Information provided Block Start
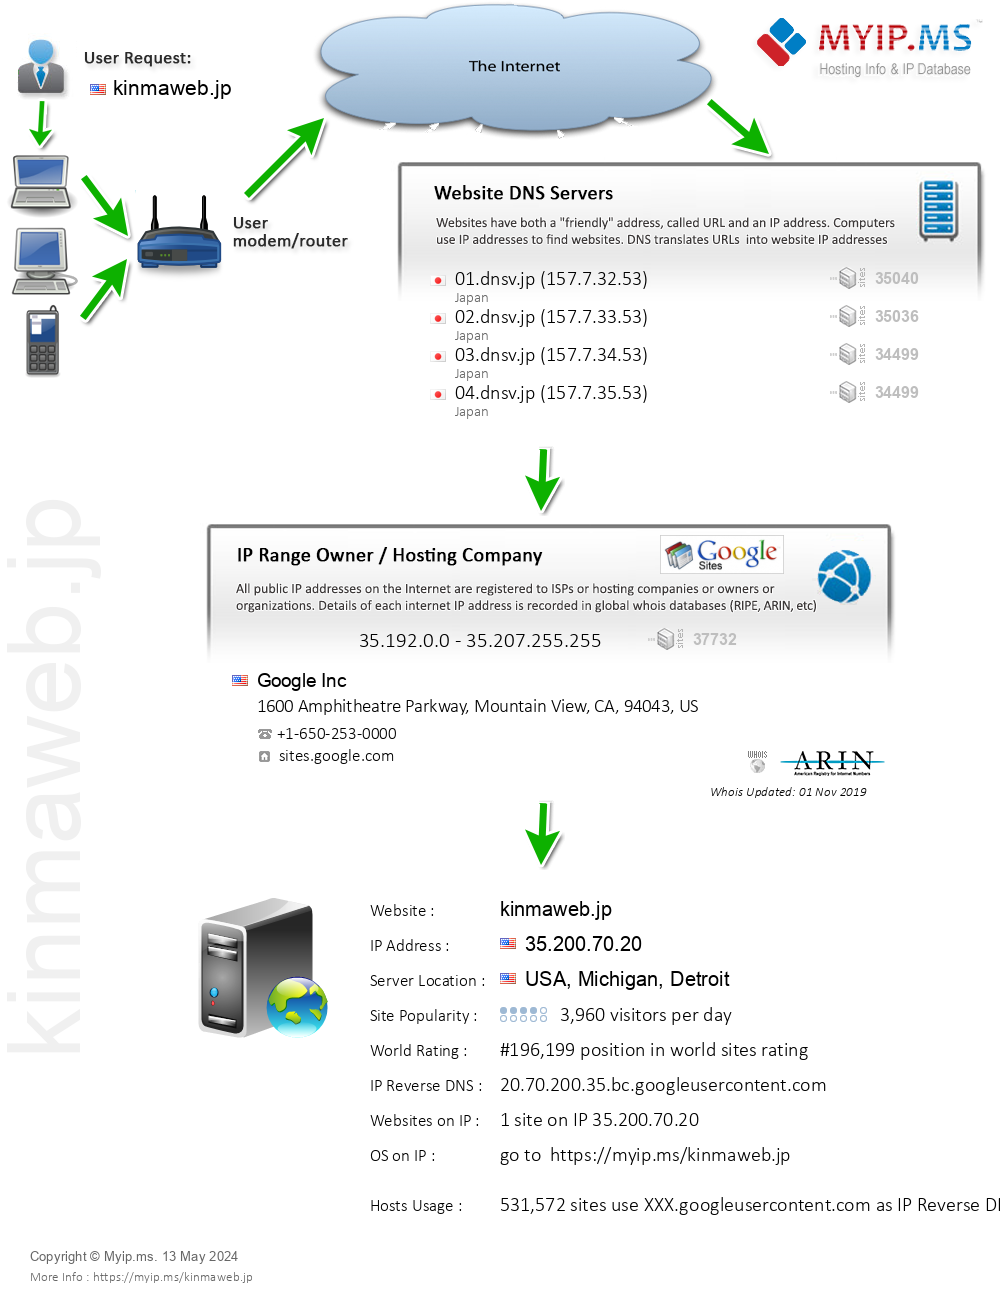 Kinmaweb.jp - Website Hosting Visual IP Diagram
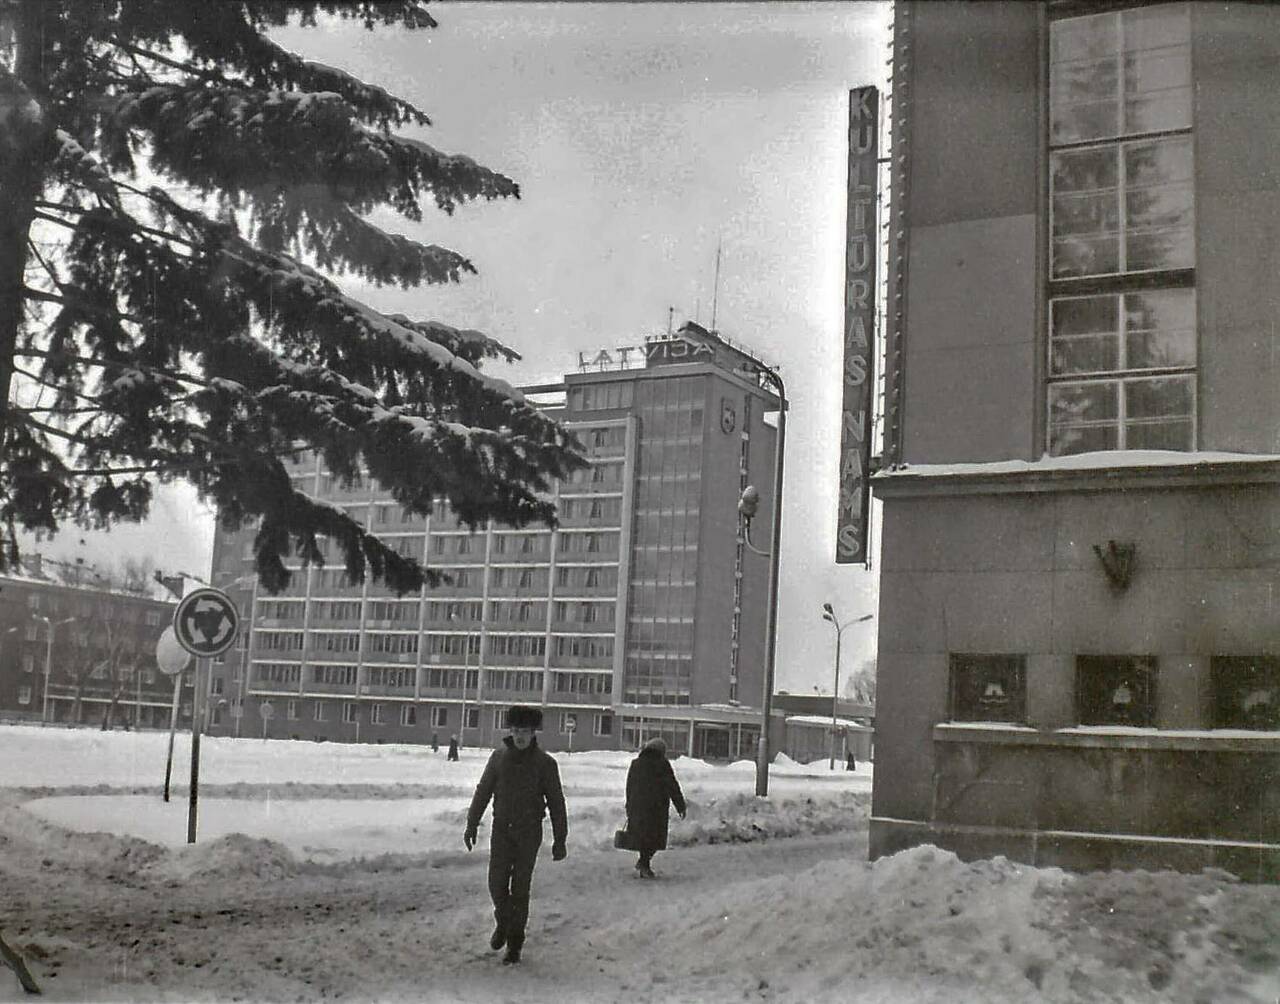 Центральная площадь. Дом культуры № 1 (Дом Единства). Зима 1985 года.
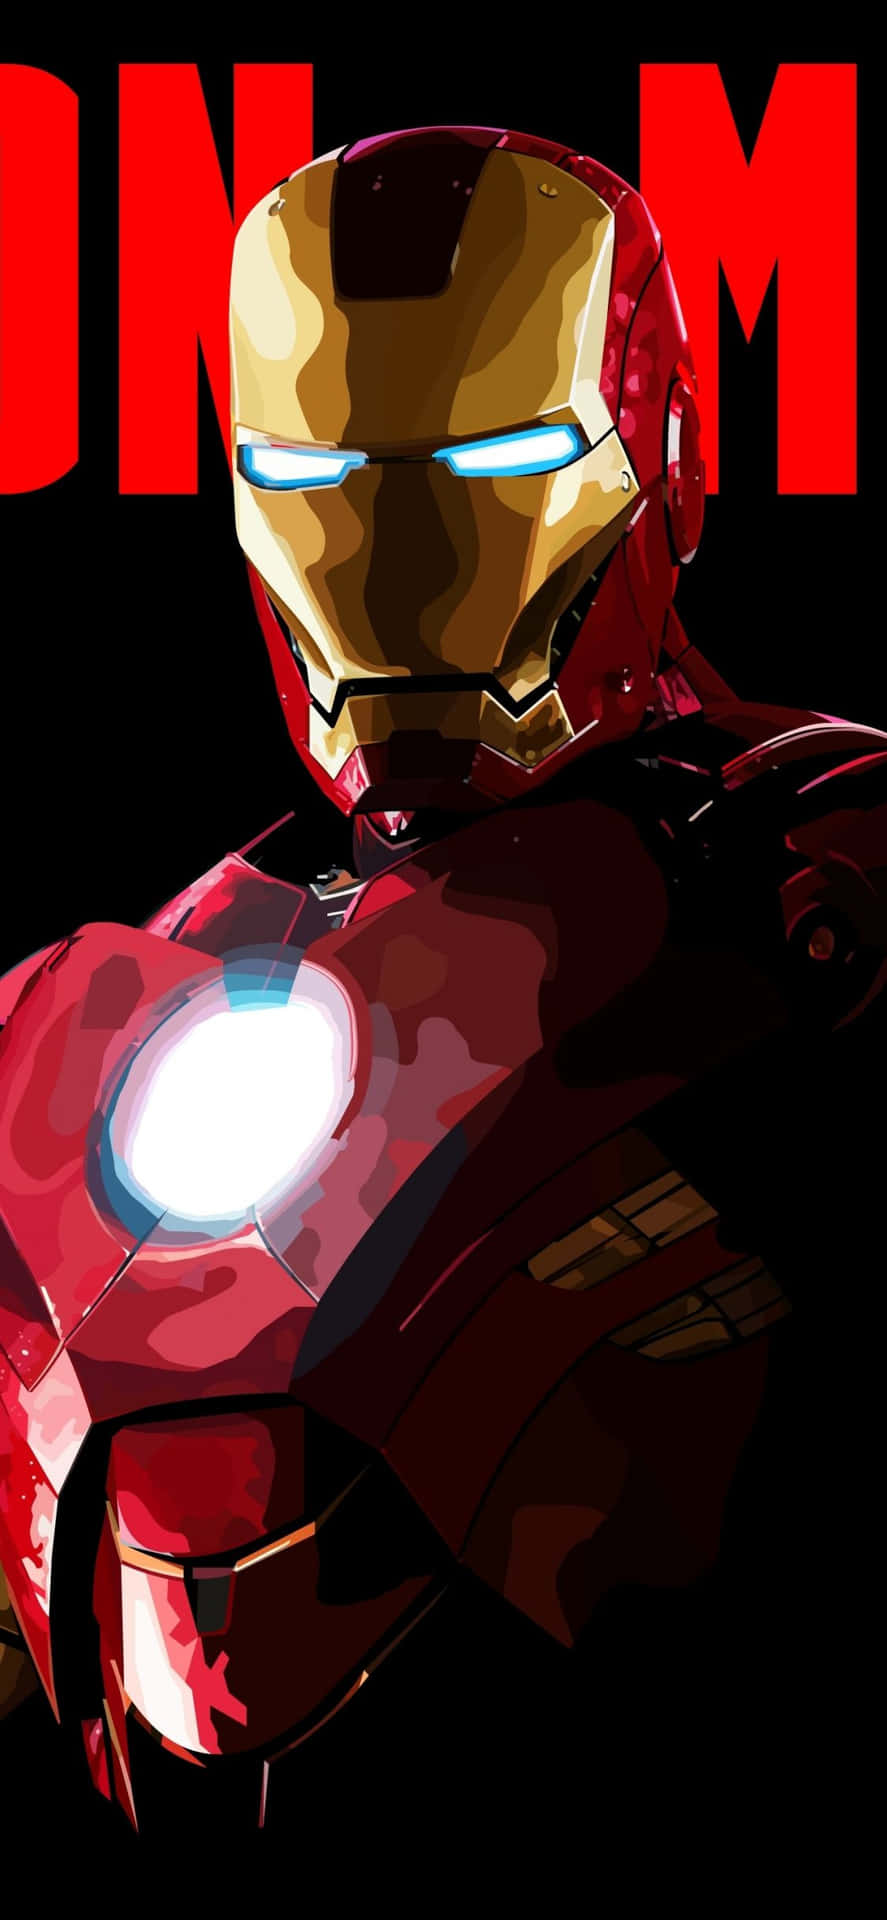 Actualizatu Teléfono Con El Fondo De Pantalla De Iron Man Para Iphone X Fondo de pantalla
Information provided Block End
(Required action):
Write the lines from the line containing "Центральная площадь. Дом" through the last line of the data out again exactly, and only those lines; pictures stay out.

(Task result):
 Центральная площадь. Дом культуры № 1 (Дом Единства). Зима 1985 года.
 Actualizatu Teléfono Con El Fondo De Pantalla De Iron Man Para Iphone X Fondo de pantalla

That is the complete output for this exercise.